Affiliate Marketing And Revenue Sharing
Affiliate marketing refers to an incentive scheme set-up by online merchants to generate sales and grow their business. Basically, those who
sign up as an ‘affiliate’ with the merchant receive revenue share, sales commission, or a fixed rate depending on the parameters that the
merchant has set up. The most common schemes are the Cost-Per-Action (CPA) and Cost-per-sale (CPS) schemes – meaning that an affiliate is
remunerated from a referral to the merchant only if the customer/internet user buys or subscribes to the merchant’s website.

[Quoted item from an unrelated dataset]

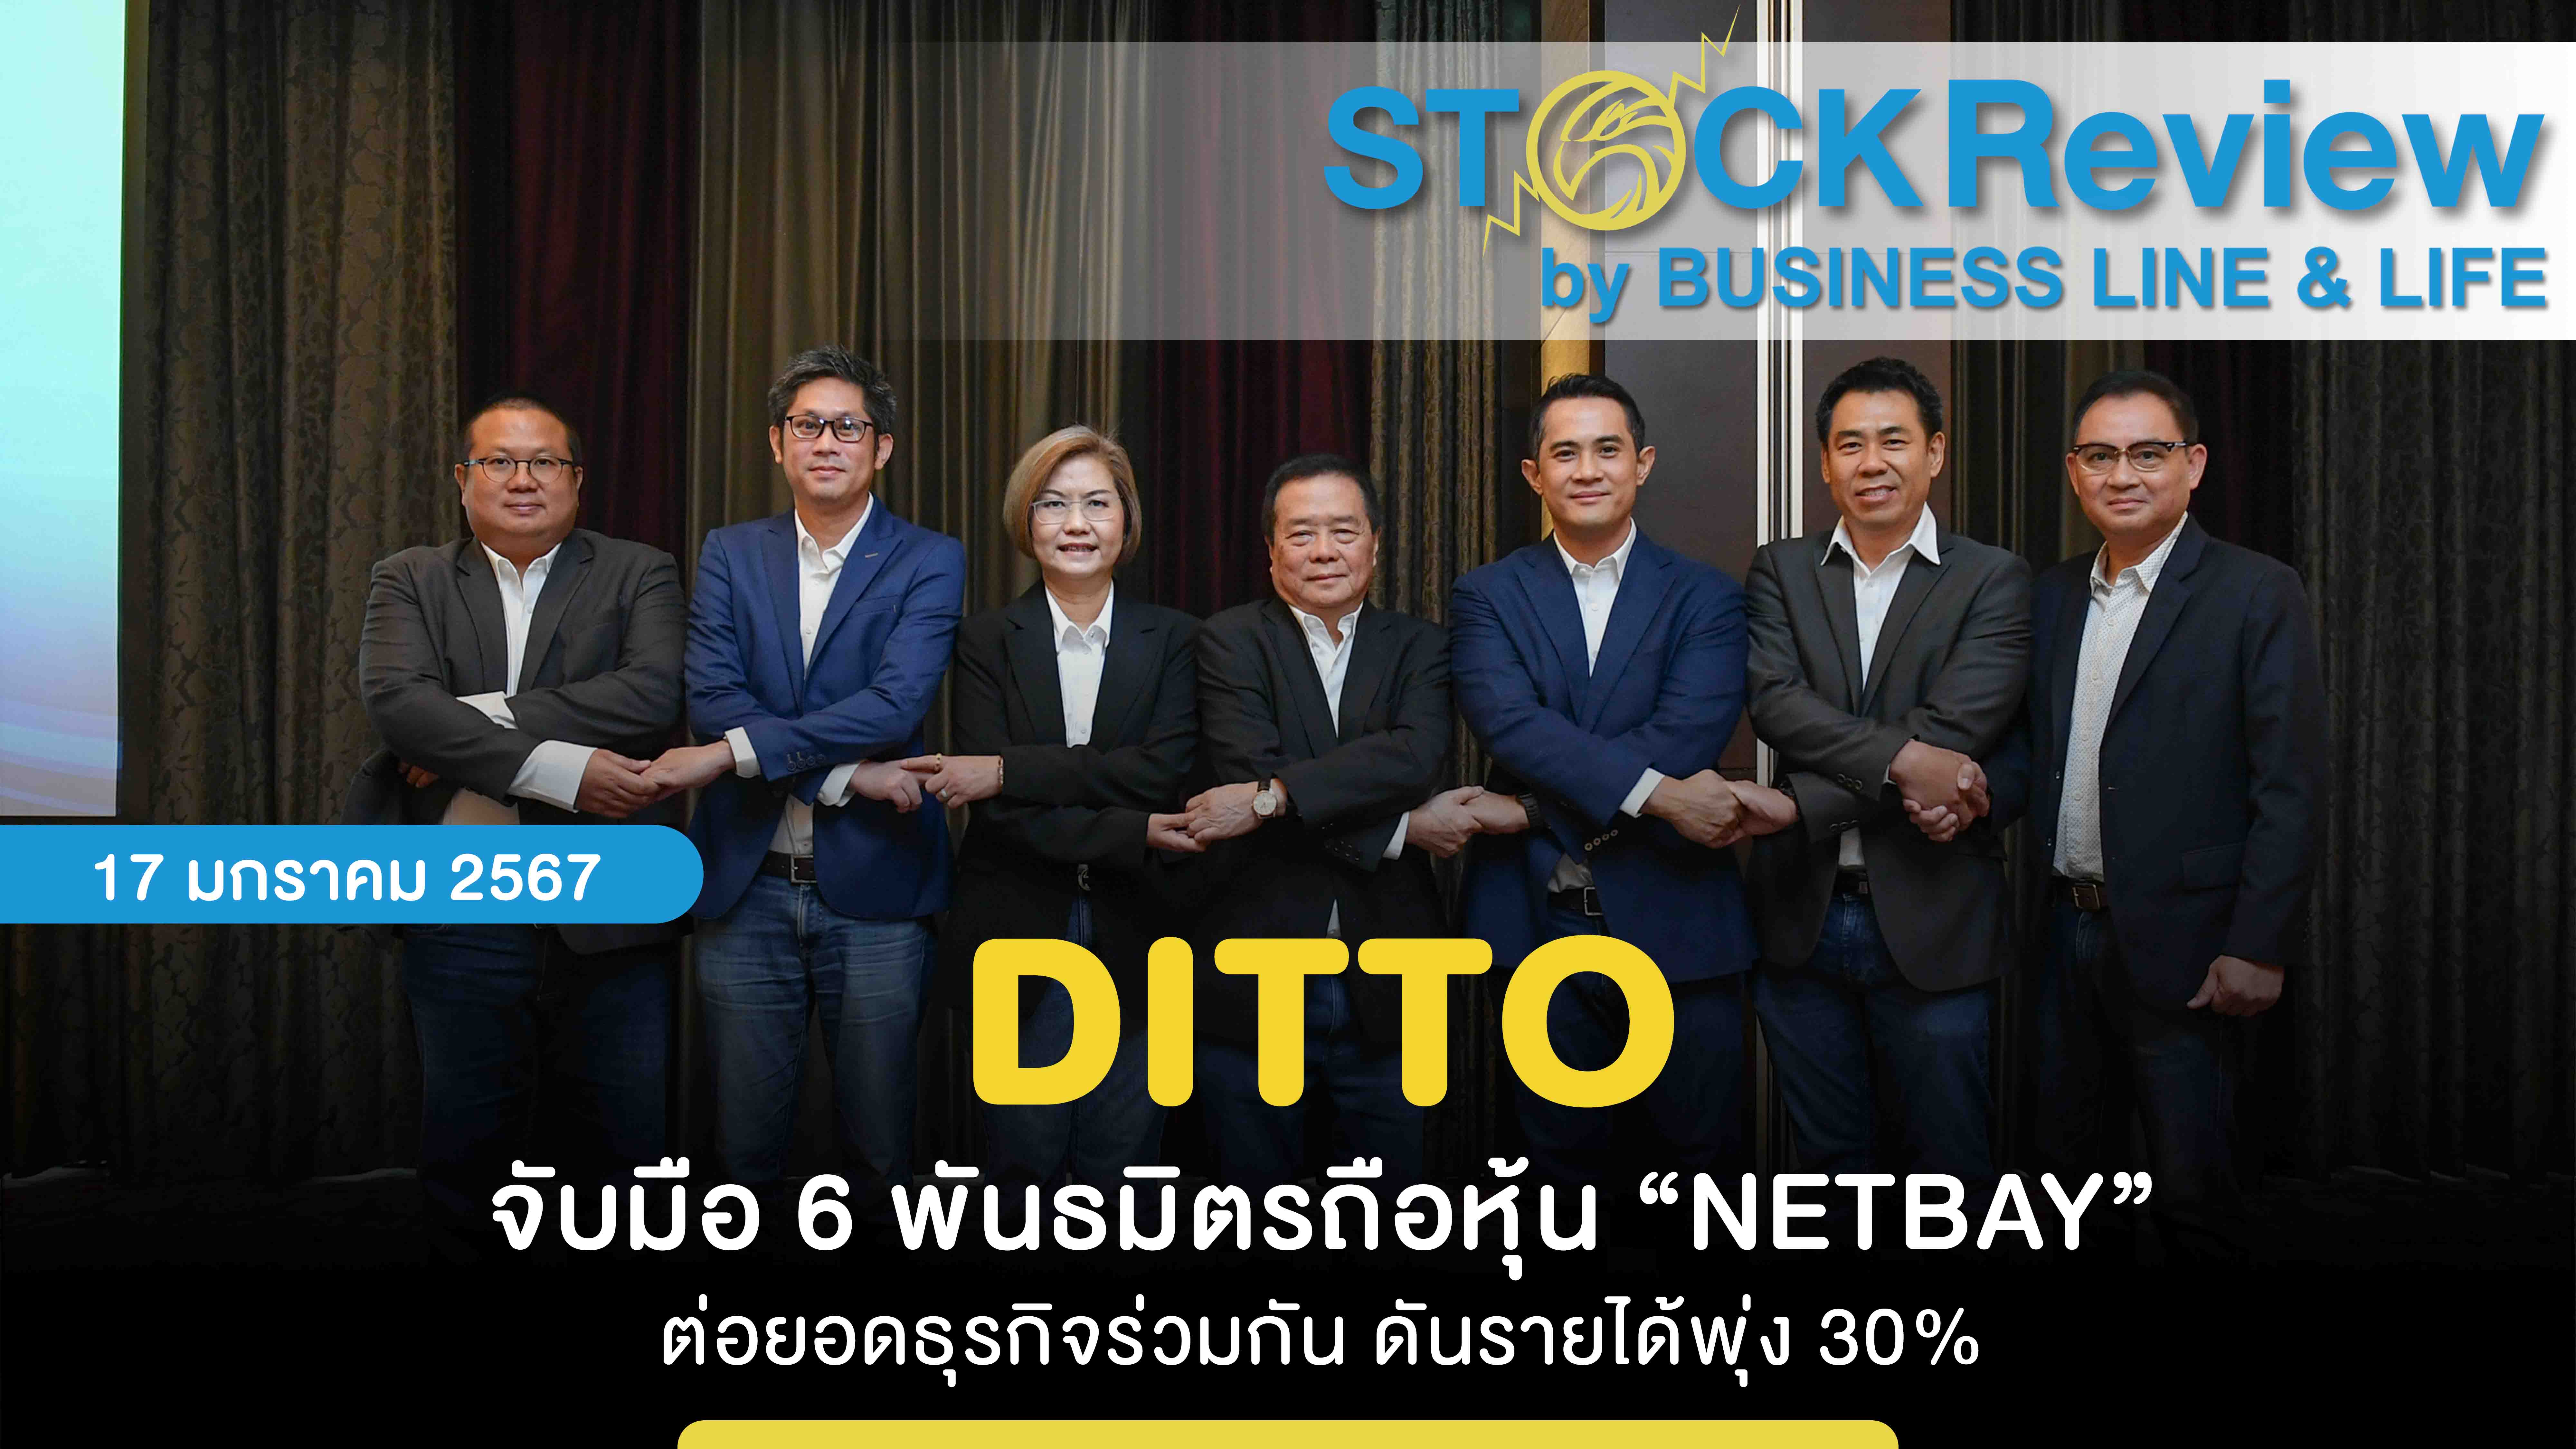 DITTO จับมือ 6 พันธมิตรถือหุ้น “NETBAY” ต่อยอดธุรกิจร่วมกัน ดันรายได้พุ่ง 30%

Some incentive schemes work on a Cost-Per-Click basis (CPC) which means that the affiliate earns when an advert is just clicked upon (or the
user is redirected in some way from the affiliate’s website or email to the merchant.) This is also closely linked in with the Cost-per-mil (CPM)
method, where the affiliate is paid for just displaying the adverts on their site. Although these two methods only account for 1% of affiliate
marketing, due to many fraudsters taking advantage of it and therefore becoming too risky for the merchant. The more common CPA/CPS schemes
mentioned above bare no risk at all to the merchant.
Affiliate marketing owes its roots to the revenue sharing idea that has been around long before the internet. However, affiliate marketing
itself was birthed in late 1994, when companies like CDNOW and Amazon.com saw this low-cost opportunity to grow their online business. The
success of those companies proves in many ways the success of the affiliate marketing system.
Affiliate marketing can sometimes be confused with Google’s AdSense scheme, which is not entirely the same. Google’s AdSense works with
contextual advertising, and is not considered true Affiliate Marketing.